We can see that \(R\) has a maximum at \(q=\dfrac{\pi}{\pi-1}\), when \(R = \dfrac{1}{\pi(\pi-1)}\) and thus \(R\leq\dfrac{1}{\pi(\pi-1)}\).

Approach 3 — Differentiation

Note — you may not have covered differentiation yet…

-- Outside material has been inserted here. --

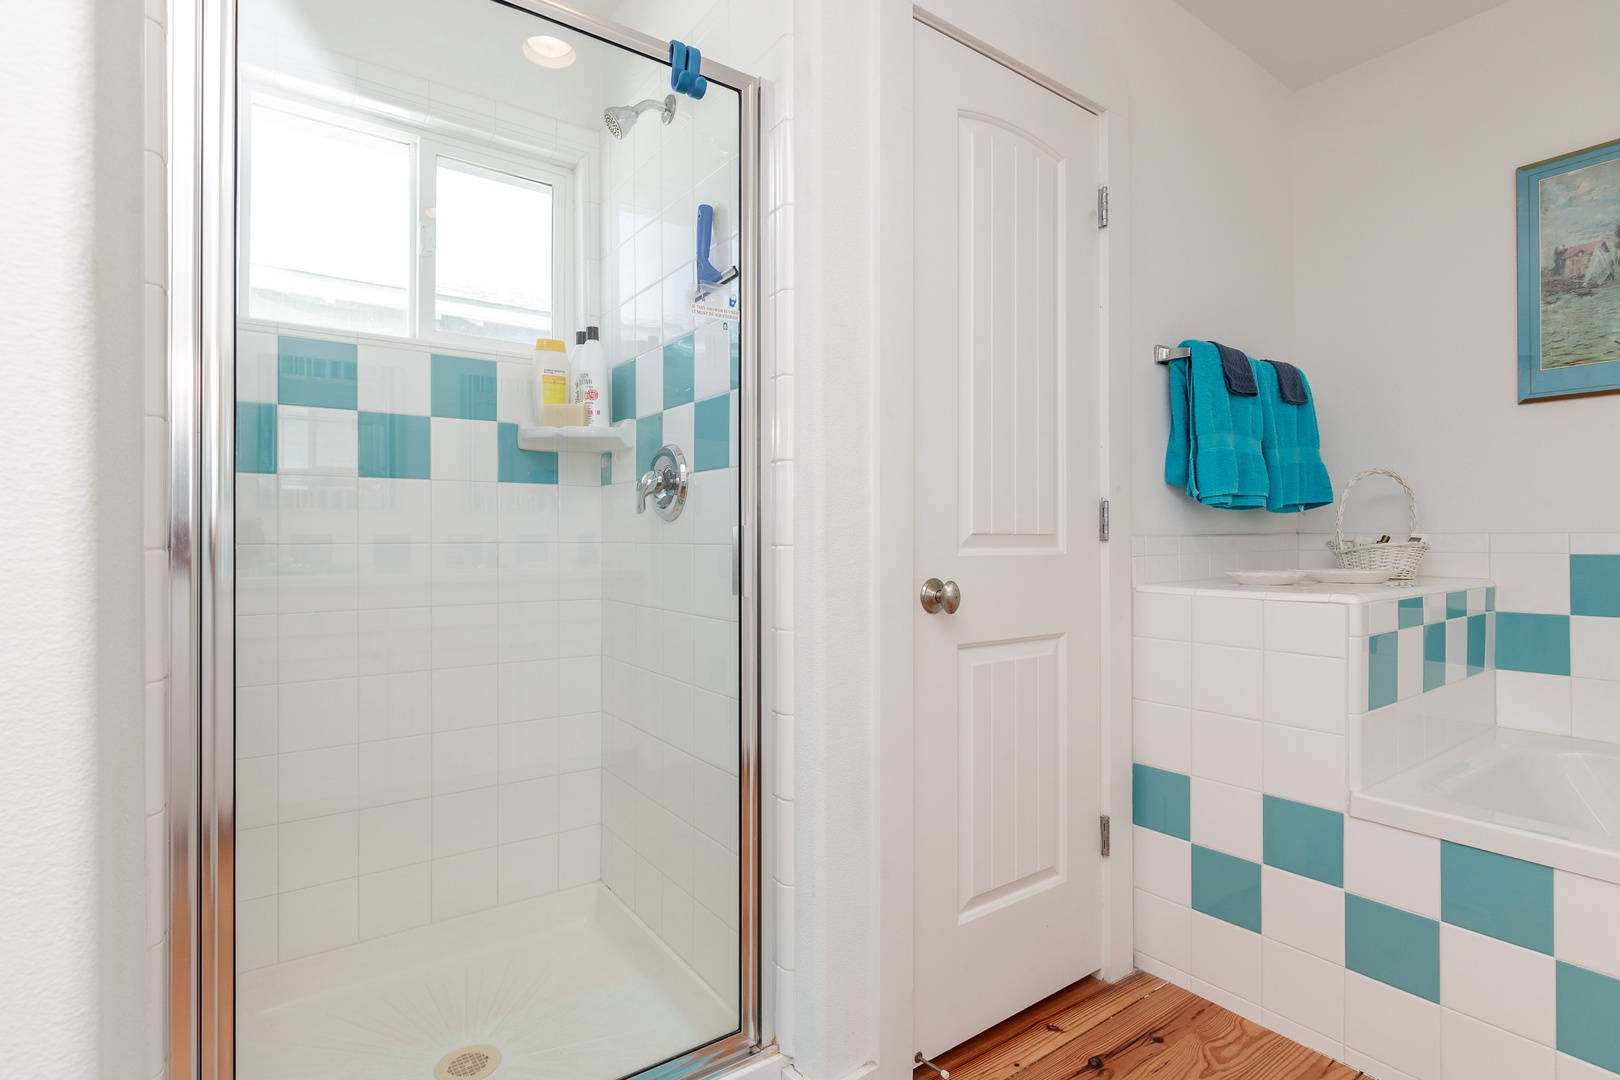 The king en suite boasts an oversized vanity, soaking tub, & glass shower

To find the stationary value of \(R\) we differentiate the expression for \(\pi R\) with respect to \(q\) and set it equal to zero: we have \[\pi\frac{dR}{dq}=-2q(\pi-1)+2\pi=0\] so \[q=\frac{\pi}{\pi-1}\] We then substitute back into the expression for \(R\) to see that when \(q = \dfrac{\pi}{\pi - 1}\) we have \[\begin{align*} R &= \frac{1}{\pi}\left[-(\pi-1)\frac{\pi^2}{(\pi-1)^2}+\frac{2\pi^2}{\pi-1}-(\pi+1)\right] \\ &= \frac{1}{\pi}\left[\frac{-\pi^2+2\pi^2-(\pi-1)(\pi+1)}{\pi-1}\right] \\ &=\frac{1}{\pi(\pi-1)}. \end{align*}\]

We can deduce that this stationary point is a maximum because we have a quadratic in \(q\) where the \(q^2\) term has a negative coefficient.